Acrescentou que dizia tudo isto com intenção de que se deixasse o senhor Basílio de exercitar as habilidades que sabe, que lhe davam mais fama que proveito, e que atendesse a granjear fazenda, por meios lícitos e industriosos, que nunca faltam aos prudentes e trabalhadores. O pobre honrado (se pode ser honrado o pobre), arrisca-se, em ter mulher formosa, que, se lha tiram, lhe tiram a honra. Mulher honrada e formosa, com marido pobre, merece ser coroada com os lauréis e palmas do vencimento e do triunfo. A formosura, só por si, atrai as vontades de todos os que a vêem e conhecem, e, como a cordeirinho gostoso, procuram empolgá-la as águias e os pássaros altaneiros; mas se à formosura se juntam o aperto e a necessidade, também a investem os corvos, os milhafres e as outras aves de rapina, e a que resiste a tantos ataques bem merece chamar-se coroa de seu marido.
— Olhai, discreto Basílio — acrescentou D. Quixote — foi opinião de não sei que sábio que só havia em todo o mundo uma mulher boa, e dava por conselho que todos pensassem e acreditassem que a sua era essa, e assim viveriam contentes. Eu não sou casado, e até agora não pensei em casar, e, contudo, atrever-me-ia a aconselhar, a quem o desejasse, o modo como havia de procurar esposa. Primeiro aconselhar-lhe-ia que olhasse mais à fama que à fazenda, porque a mulher boa não alcança boa fama só com o ser boa, mas também com parecê-lo, que muito mais prejudicam a honra das mulheres as desenvolturas e liberdades públicas, do que as maldades secretas. Se levas mulher já de si boa para tua casa, não será difícil conservá-la assim e até melhorá-la; mas se a levas má, meter-te-ás em trabalhos, querendo emendá-la, que não é muito fácil passar dum para outro extremo. Não digo que seja impossível, mas tenho-o por dificultoso.

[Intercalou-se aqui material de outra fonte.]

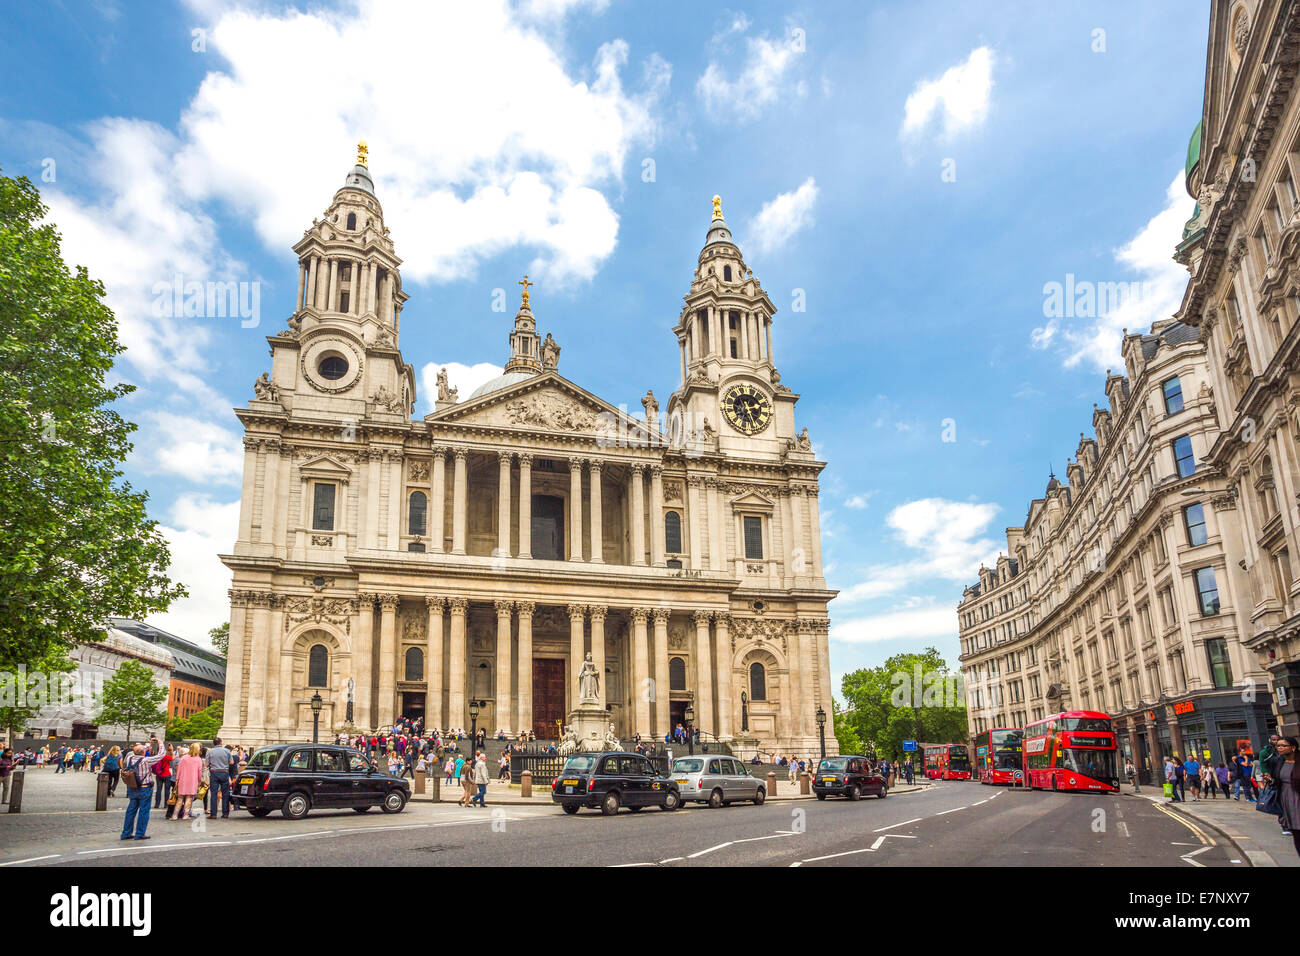 Avenue, Building, Cathédrale, ville, Londres, Angleterre, Royaume-Uni, Saint Paul, l'architecture, l'histoire, la religion, le tourisme, voyages Banque D'Images

Ouvia tudo isto Sancho, e disse de si para si:
— Este meu amo, quando eu digo coisas de substância e de acerto, costuma asseverar que eu podia tomar um púlpito e ir por esse mundo fora pregando lindezas. Eu então sustento que, em ele principiando a encadear sentenças e a dar conselhos, não só pode tomar um púlpito mas uns poucos, e andar por essas praças a pregar sermões, que seja só pedir por boca. Valha-te o diabo, cavaleiro andante, que tantas coisas sabes: eu pensava cá no meu bestunto que ele só podia saber o que dizia respeito às suas cavalarias, mas não há nada em que não debique e em que não meta a sua colherada.
Sancho dizia isto a meia voz; entreouviu-o seu amo, e perguntou-lhe:
— Que estás para aí a resmungar, Sancho?
— Eu não estou a resmungar — tornou Sancho — o que estava era a dizer comigo que bem quisera ter ouvido a Vossa Mercê antes de me casar, que talvez eu agora dissesse: o boi solto lambe-se todo.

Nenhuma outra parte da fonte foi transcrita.